Bill C-14 may be the most legally conservative interpretation of the Carter decision that this government, or any Canadian government, will attempt to legislate. Those who oppose it make room for fewer constraints on who will face medically assisted or administered death. In other jurisdictions this has proven to move from patient request to physician determined execution for those assessed as having a lesser standard of life, whether children or the elderly.

Who is responsible for the impending MAD situation?

If the Court had given the 6 month extension requested, would legislation be in place by August 6?

The politically aware Court would best have initially provided an 18 month period for new legislation. Having granted only 12, it should have allowed the government’s request for 6 more. The Senate often sits until mid-July, following adjournment of the House in late June.

If the Prime Minister had not behaved poorly in the House, might the bill be progressing in a timely fashion in the Senate?

Although passage of C-14 has been delayed in the House that should have little impact on Senate deliberations. Senators participated on the joint parliamentary committee and the Senate’s own committee review has been completed.

Should the Senate impede progress of a bill approved by the House of Commons?

Senators need to consider their role in providing “sober second thought” on a matter of national importance; and, urgency.

First, the Senate assesses whether legislation is properly within the federal constitutional jurisdiction of Parliament. This does not include weighing whether the draft legislation is a precise depiction of a Supreme Court decision.

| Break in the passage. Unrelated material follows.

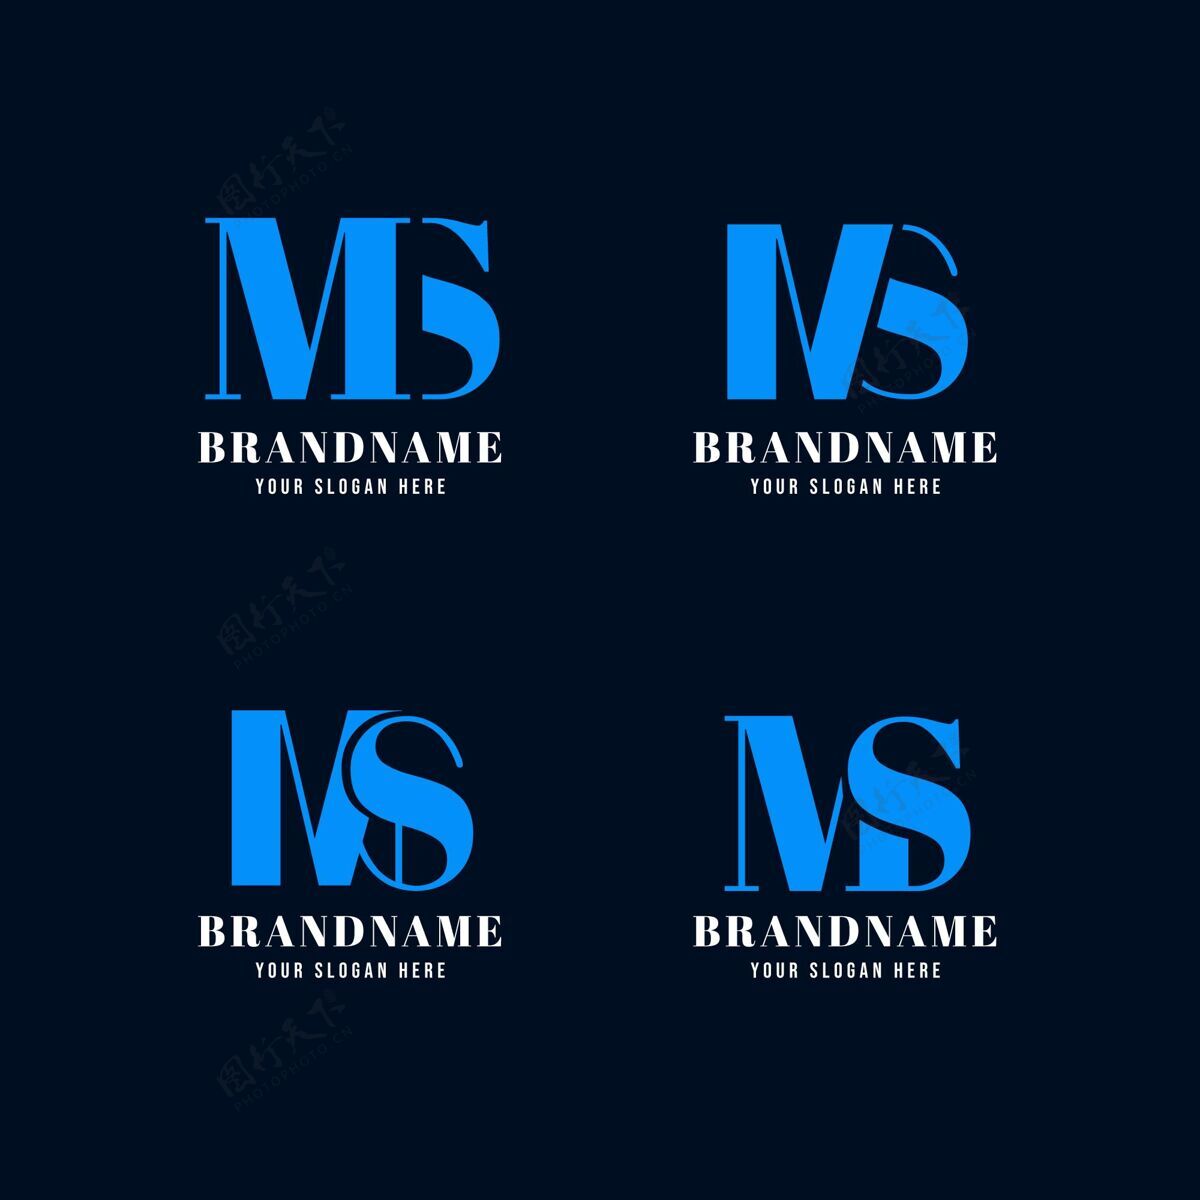 企业标识平面设计ms标志系列公司标识企业标识企业

Second, senators balance the constitutional role of the Senate with that of the House of Commons. Both houses are a form of proportional representation – elected nationwide by riding in the House of Commons and appointed to represent on a provincial basis in the Senate. While the Senate does study matters and propose legislation, it rarely offers more than minor amendments to legislation passed by the House.

Third, the Senate, since 1960, evaluates whether the legislation aligns with the Canadian Bill of Rights, and, since 1982, the Charter.

Senators’ concerns with proposed legislation may be addressed through committee hearings (which have already been held for C-14) or reference to the House (which has been done through the reports of the joint parliamentary committee and the Senate committee).

Senate defeat of a House approved bill is rare. Senate delay is not.

The government has stated it intends more extensive review of the dilemma of MAD during this session of Parliament; after passage of C-14 takes place, driving to accomplish the initial legislative task within the timeline allotted by the Court.

Will the Senate fiddle while time burns? Will the government seek further extension from the Court? Would the Court grant it?

It is heartrending to watch a nation transition from cherishing human life, at one time treasured from conception until natural death – the life cycle, to assessing whose life is worth living; and, the corollary, whose is not.

The predicament in which our nation finds itself is not the concoction of its citizens. It is the responsibility of judicial and legislative decision makers.